- REQUIREMENT -
The full listing, word for word and free of images, is the expected result.

- DATA SEGMENT -
_ _ _ _ _

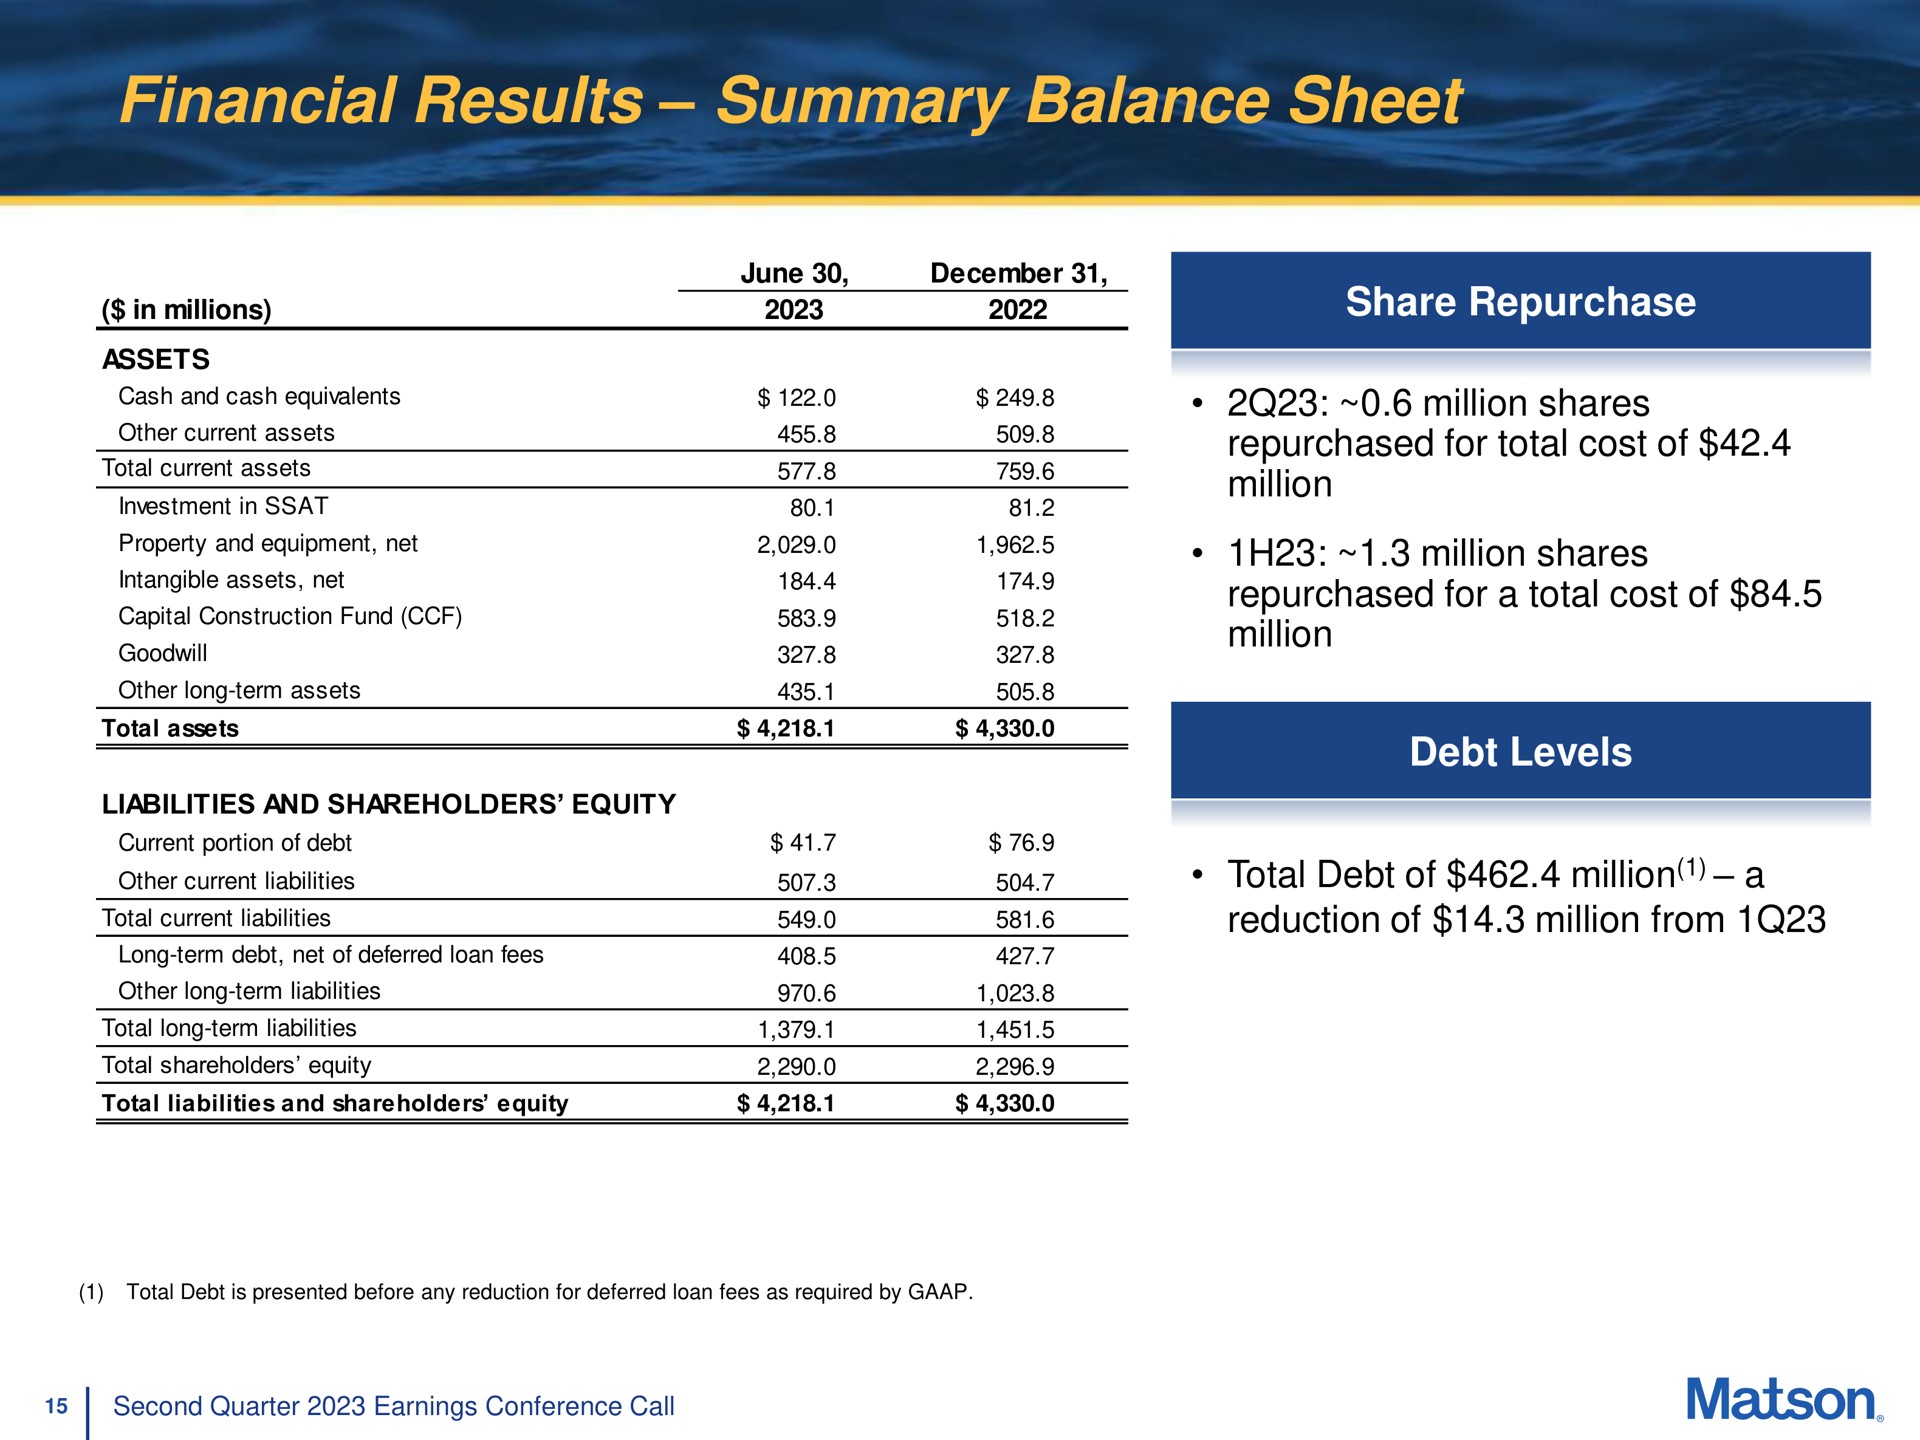 financial results summary balance sheet repurchased for total cost of | Matson
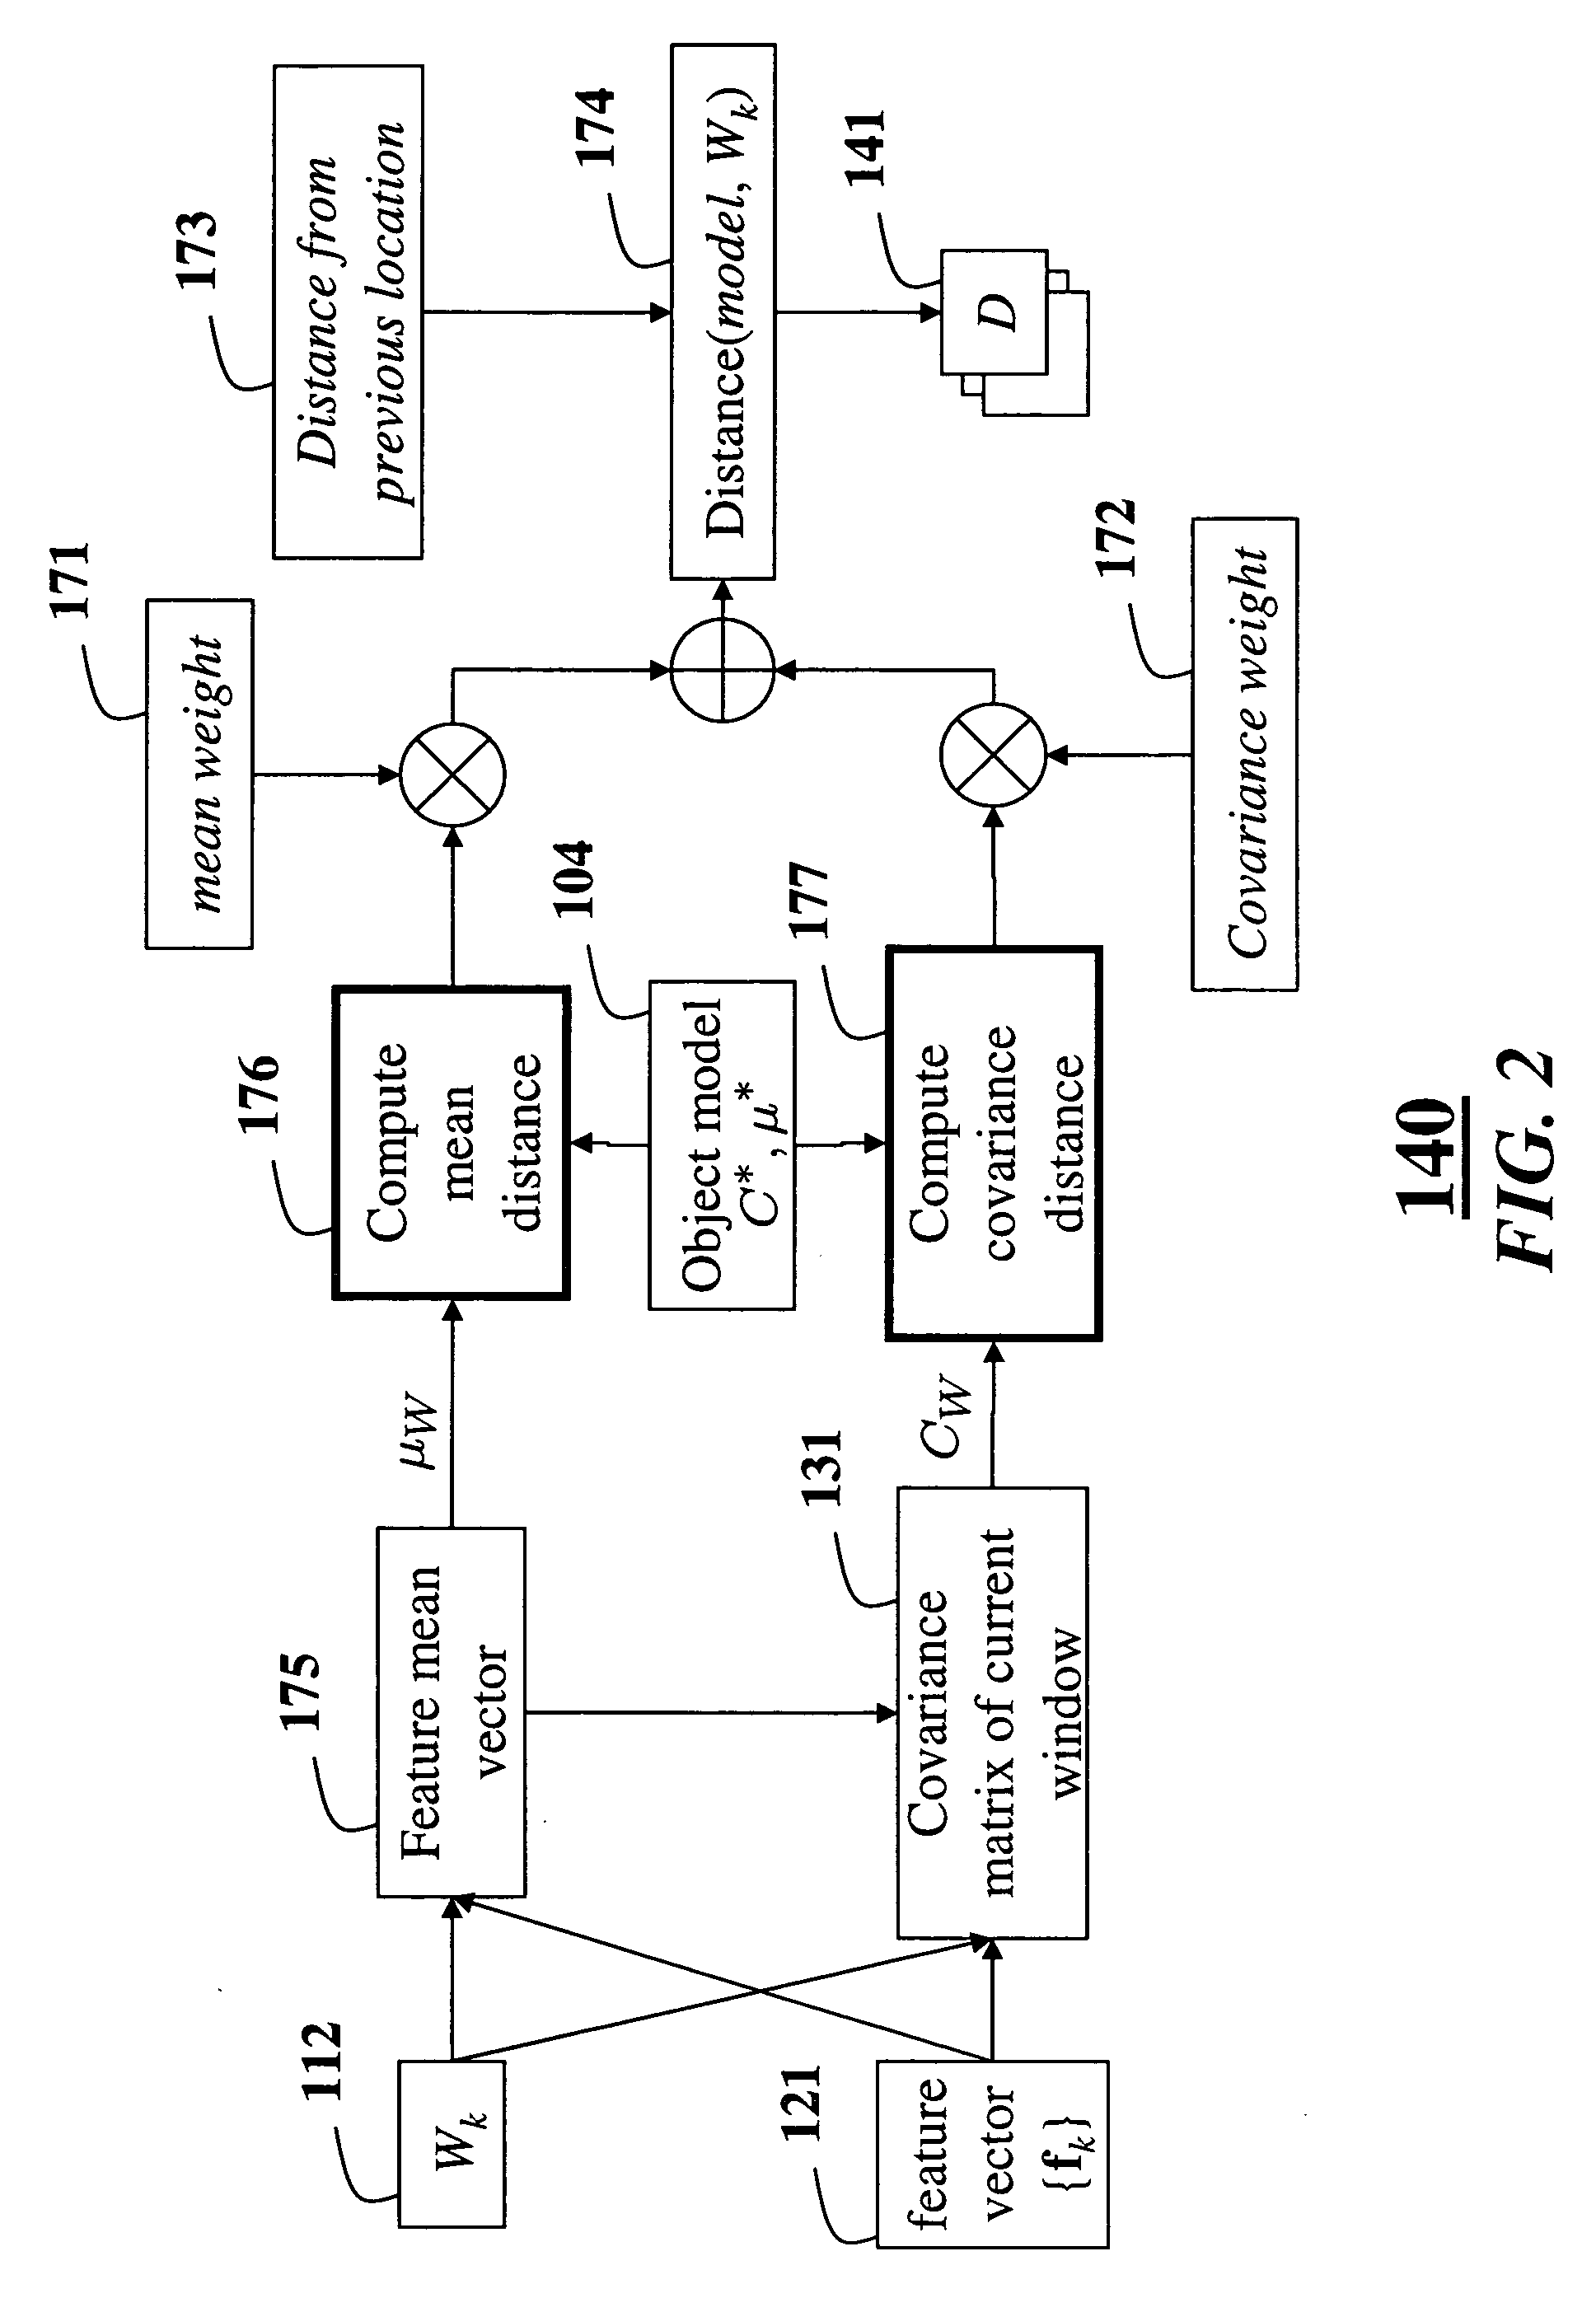 Method for tracking objects in videos using covariance matrices
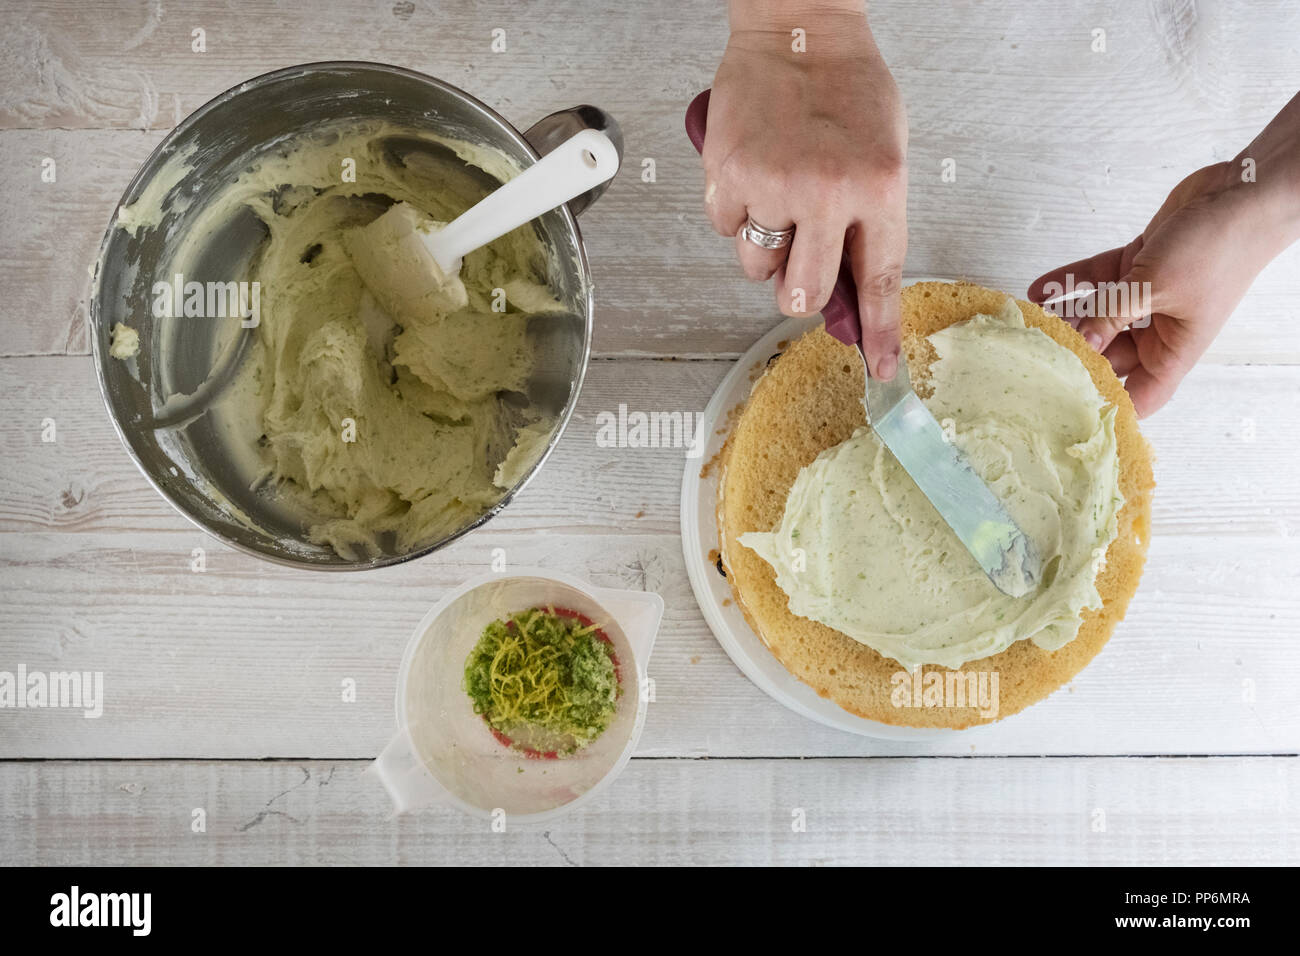 A fresh gin and tonic flavoured baked cake being iced, a hand with a palette knife smoothing icing, and a bowl of fresh icing and lemon zest. Stock Photo

_ _ _ _ _

- RESPONSE TO THIS TASK -
 financial results summary balance sheet repurchased for total cost of | Matson
 Method for tracking objects in videos using covariance matrices
 A fresh gin and tonic flavoured baked cake being iced, a hand with a palette knife smoothing icing, and a bowl of fresh icing and lemon zest. Stock Photo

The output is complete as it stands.